Specification: Generator Exit Handling

    Generators will implement the new __exit__() method API.

    Generators will be allowed to have a yield statement inside a
    try-finally statement.

    The expression argument to the yield-statement will become
    optional (defaulting to None).

    When __exit__() is called, the generator is resumed but at the
    point of the yield-statement the exception represented by the
    __exit__ argument(s) is raised.  The generator may re-raise this
    exception, raise another exception, or yield another value,
    except that if the exception passed in to __exit__() was
    StopIteration, it ought to raise StopIteration (otherwise the
    effect would be that a break is turned into continue, which is
    unexpected at least).  When the *initial* call resuming the
    generator is an __exit__() call instead of a next() call, the
    generator's execution is aborted and the exception is re-raised
    without passing control to the generator's body.
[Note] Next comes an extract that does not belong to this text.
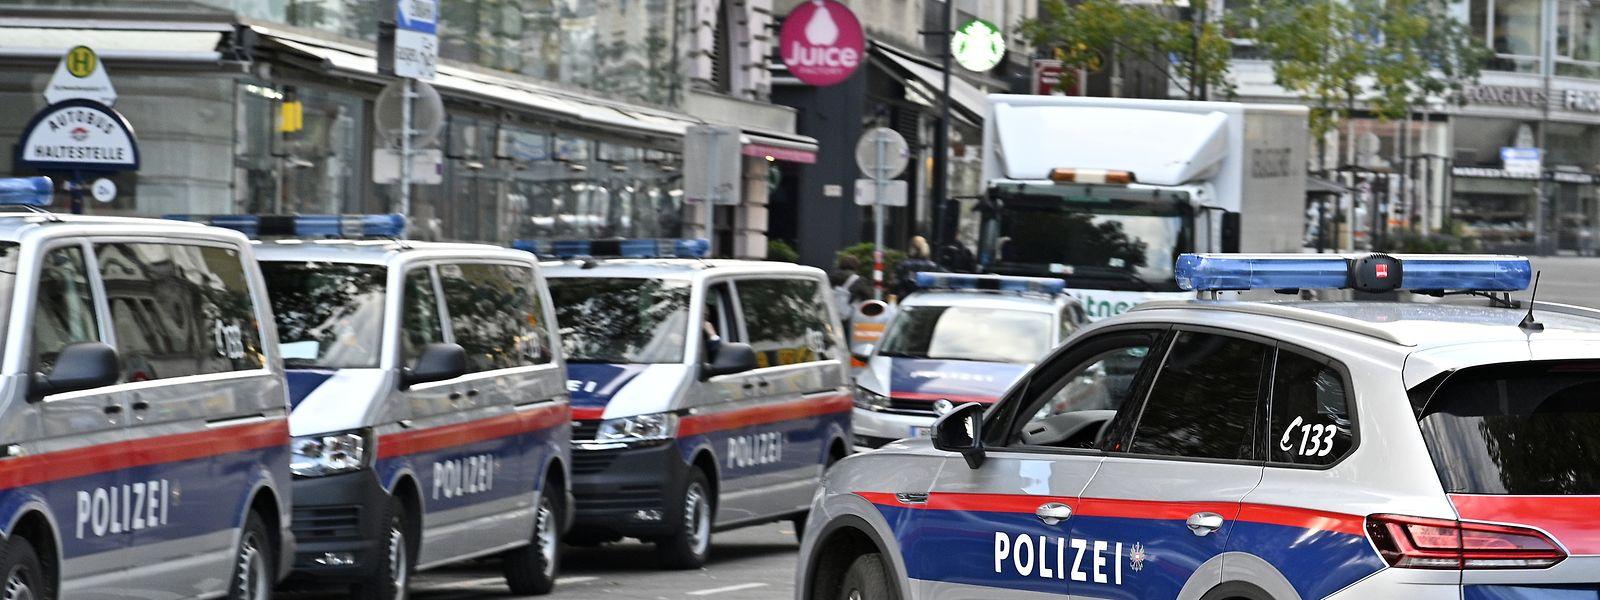 Nach dem Anschlag vom Vorabend blockieren Polizisten am Dienstag eine Straße im Wiener Stadtzentrum.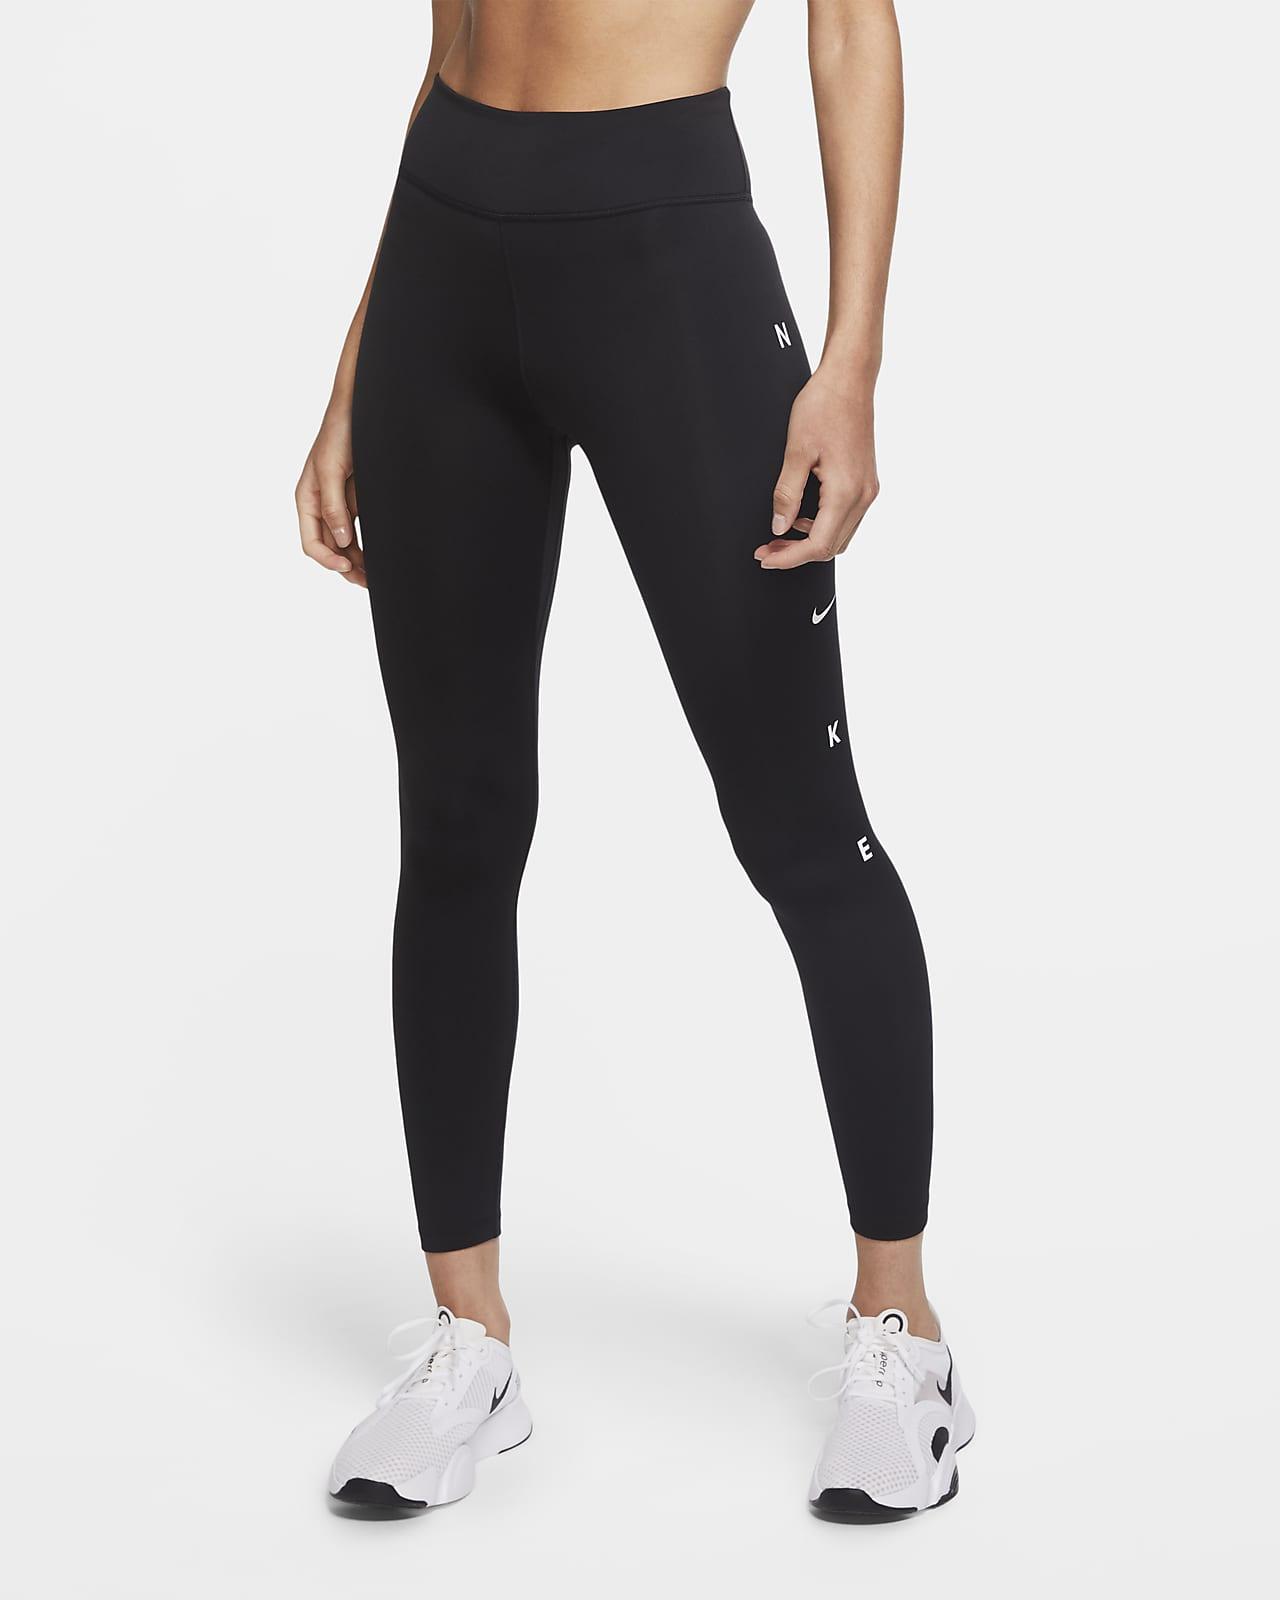 Женские слегка укороченные тайтсы с графикой Nike One

    When a generator that has not yet terminated is garbage-collected
    (either through reference counting or by the cyclical garbage
    collector), its __exit__() method is called once with
    StopIteration as its first argument.  Together with the
    requirement that a generator ought to raise StopIteration when
    __exit__() is called with StopIteration, this guarantees the
    eventual activation of any finally-clauses that were active when
    the generator was last suspended.  Of course, under certain
    circumstances the generator may never be garbage-collected.  This
    is no different than the guarantees that are made about finalizers
    (__del__() methods) of other objects.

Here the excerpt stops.